JM: “I had not. My impression of universal basic income (UBI) as an economic concept is that it is flawed, but very well could be a means towards improving what I consider to be a dire situation in terms of income inequality. I do believe that the capabilities offered by distributed ledger technology (DLT) to improve transparency surrounding how pools of funds are utilised and create conditions for the transfer of assets is what will improve the feasibility of UBI to mitigate the growing threat that automation represents to working people.”
GD: How did you form your team, and had you met your teammates before?
JM: “I had not met anyone prior to attending the meetup event, held a week before the hackathon. After the presentations by the GoodDollar team, each of us was offered the opportunity to present an idea, and so I took my turn after a few others. I was really happily surprised by how many of the people in the room, coders and non-coders, were interested in discussing with me how blockchain can intersect with pay-for-success initiatives with me.
“My teammate Lior Yaffe was one of them. Lior is an experienced blockchain developer, founder of the Ardor blockchain, and I was fortunate enough that he was interested in joining in on the idea. [GoodDollar Legal Lead] Ziv Keinan, who was a mentor at the hackathon, also added to the conversation in that room. Later on, Ziv invited our third team member Yaron Shmaria, and we went from there.”
GD: What was the name of your team and project, and is there a story behind the team name?
JM: “In the end, we called ourselves T2D, which stands for type 2 diabetes.”
GD: In a nutshell, what was your idea?
JM: “Our project was to demonstrate the concept, in a single night, of how pay-for-success initiatives, which generate financial returns from the delivery non-revenue generating services — more specifically from the achievement of social, health or environmental outcomes — can leverage carefully designed data collection systems and DLT to create immutable, and most importantly, identity-sensitive environments that facilitate the required conditions for automated asset transfer in a trustless manner, transparent to all participating parties throughout.

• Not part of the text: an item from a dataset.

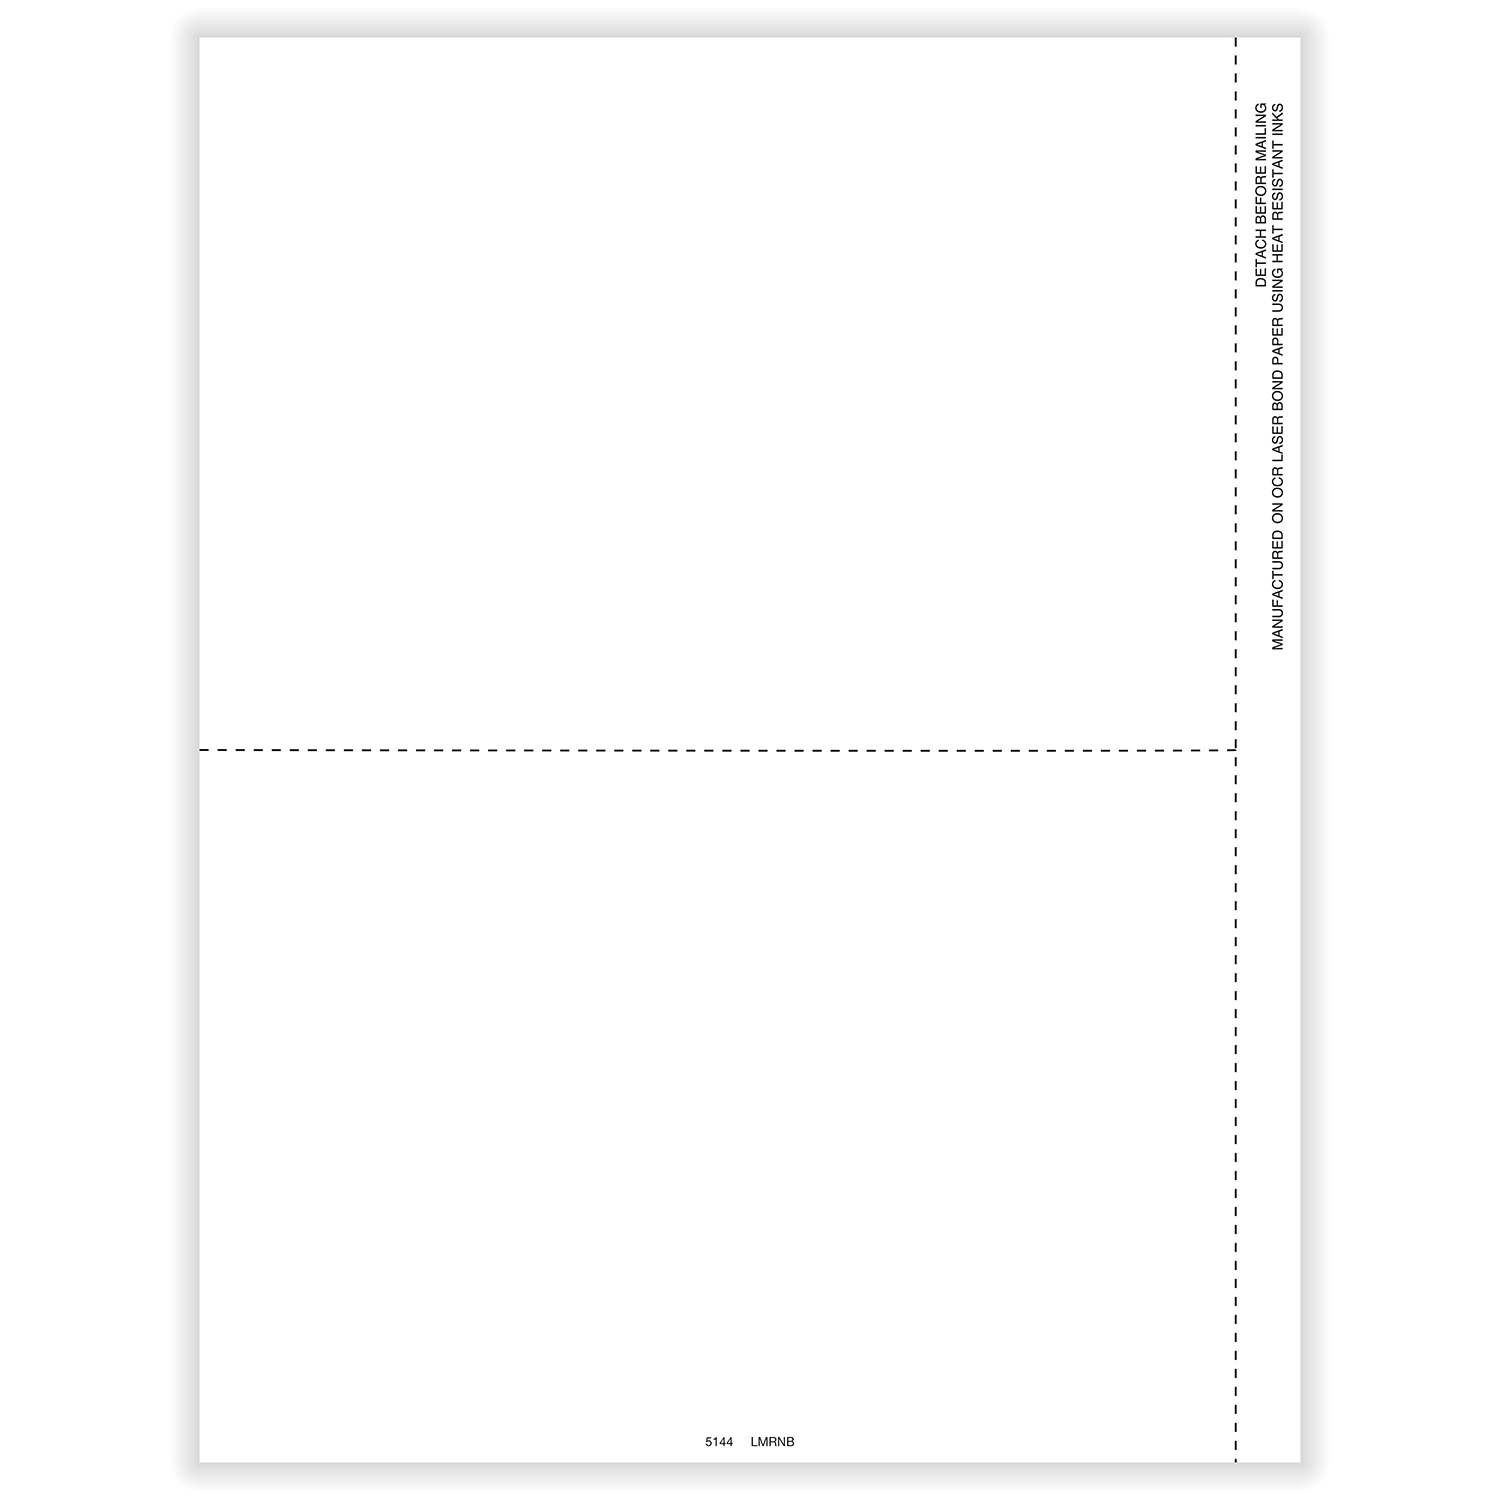 1099-R Laser Blank 2-Up with 1 Vertical & 1 Center Perforation (100 Pack)

“A blockchain-based system such as this would have many components, obviously, as well as very steep — yet, in my eyes, surmountable — barriers in today’s business and legal environment. So we eventually narrowed our focus to demonstrate one component that has fewer barriers to implementation — that being a ‘cryptonomic’ incentive for prediabetics that adhere to type 2 diabetes prevention programmes.”
GD: How did you attack the hackathon? What were the main challenges, and how did you solve them?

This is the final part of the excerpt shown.